Keywords: Hepatocellular carcinoma, TNFRSF4, Prognostic factor, Pathomics, Minimum redundancy maximum relevance, Recursive feature elimination, Gradient boosting model
1. Introduction
Hepatocellular carcinoma (HCC) is a primary liver malignancy and ranks as the third leading cause of cancer-related deaths worldwide [1]. Despite the presence of effective treatment methods such as surgical resection and liver transplantation for patients with HCC, postoperative recurrence remains common [2]. Furthermore, current traditional prognostic indicators—i.e., clinical, pathological characteristics, diagnostic markers like alpha-fetoprotein (AFP), and imaging techniques (e.g., CT, MRI, ultrasound)—are not sufficient to meet the clinical demands of precision medicine [3]. Therefore, it is imperative to identify improved prognostic markers to guide clinical decision-making and identify high-risk patient subgroups [4].
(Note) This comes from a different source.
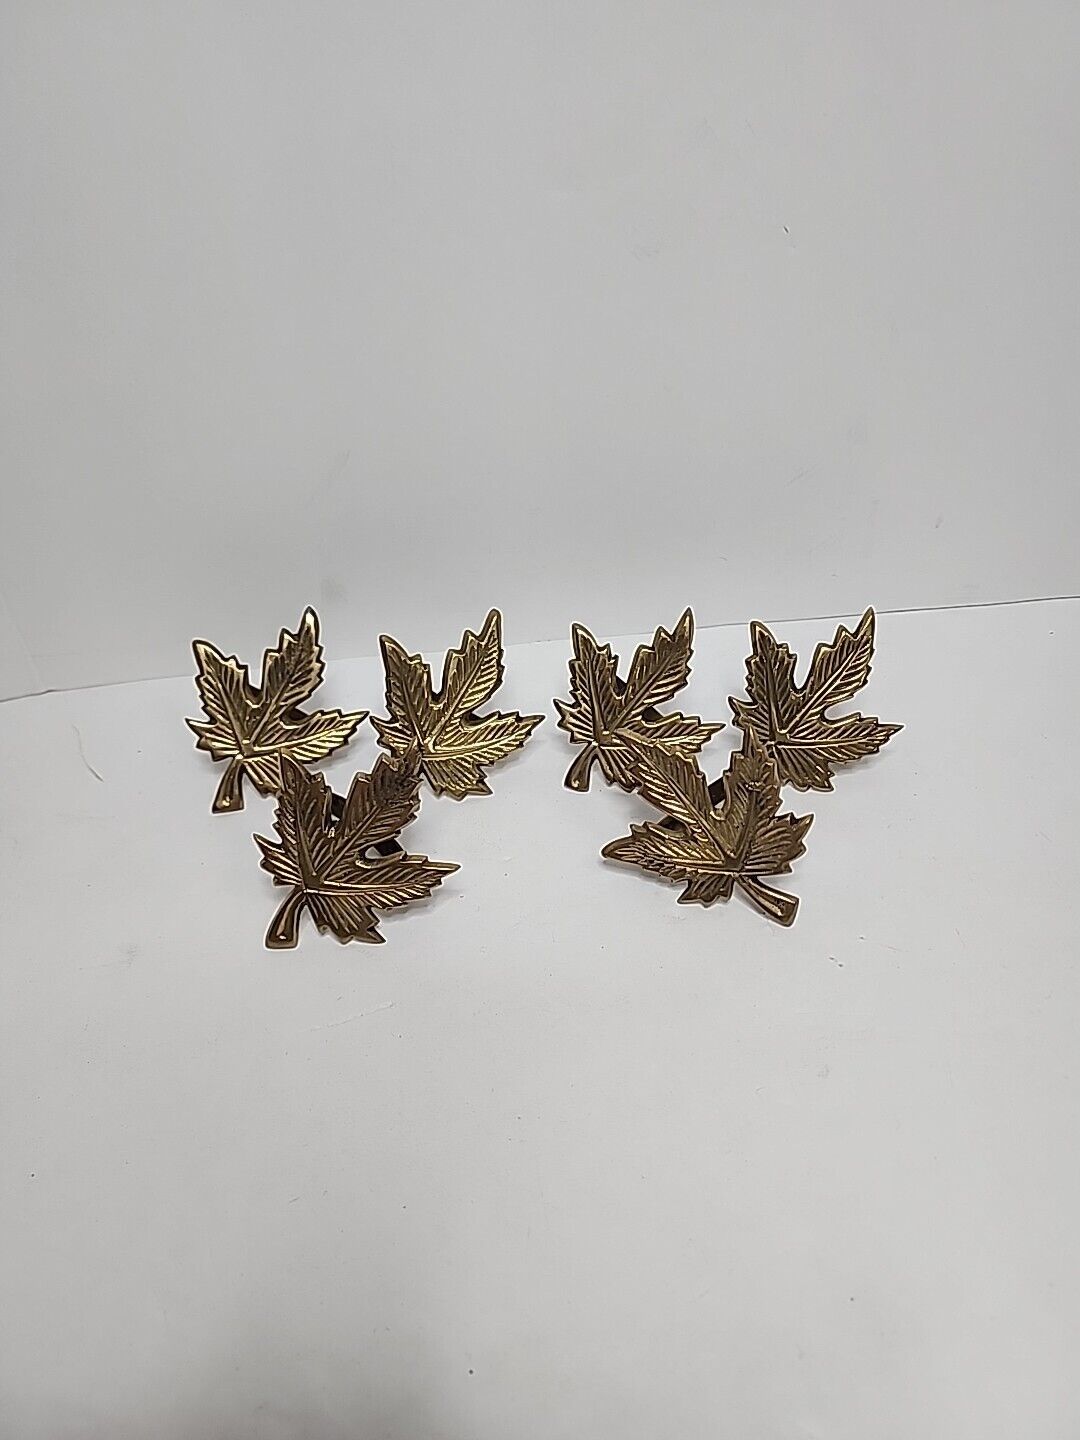 Collectible Set of 6 Solid Brass Leaf/Leaves Shaped Napkin Rings - Made in India

TNF receptor superfamily member 4 (TNFRSF4), also known as OX40, is a co-stimulatory receptor expressed on activated T cells [5]. A previous study has suggested that this protein could inhibit cellular apoptosis via the PI3K/AKT signaling pathway [6]. Another study involving 1699 patients with HCC from six international multicenter cohorts found that the expression of the immune checkpoint TNFRSF4 was associated with infiltration of immune cells such as intra-tumoral B cells, CD4+/CD8+ T cells, and neutrophils, displaying an "immune hot" tumor phenotype that is more responsive to immune checkpoint inhibitors [7]. Therefore, investigating the role of TNFRSF4 expression as a prognostic marker in HCC could provide valuable insights into the disease's underlying biology and potentially guide therapeutic strategies.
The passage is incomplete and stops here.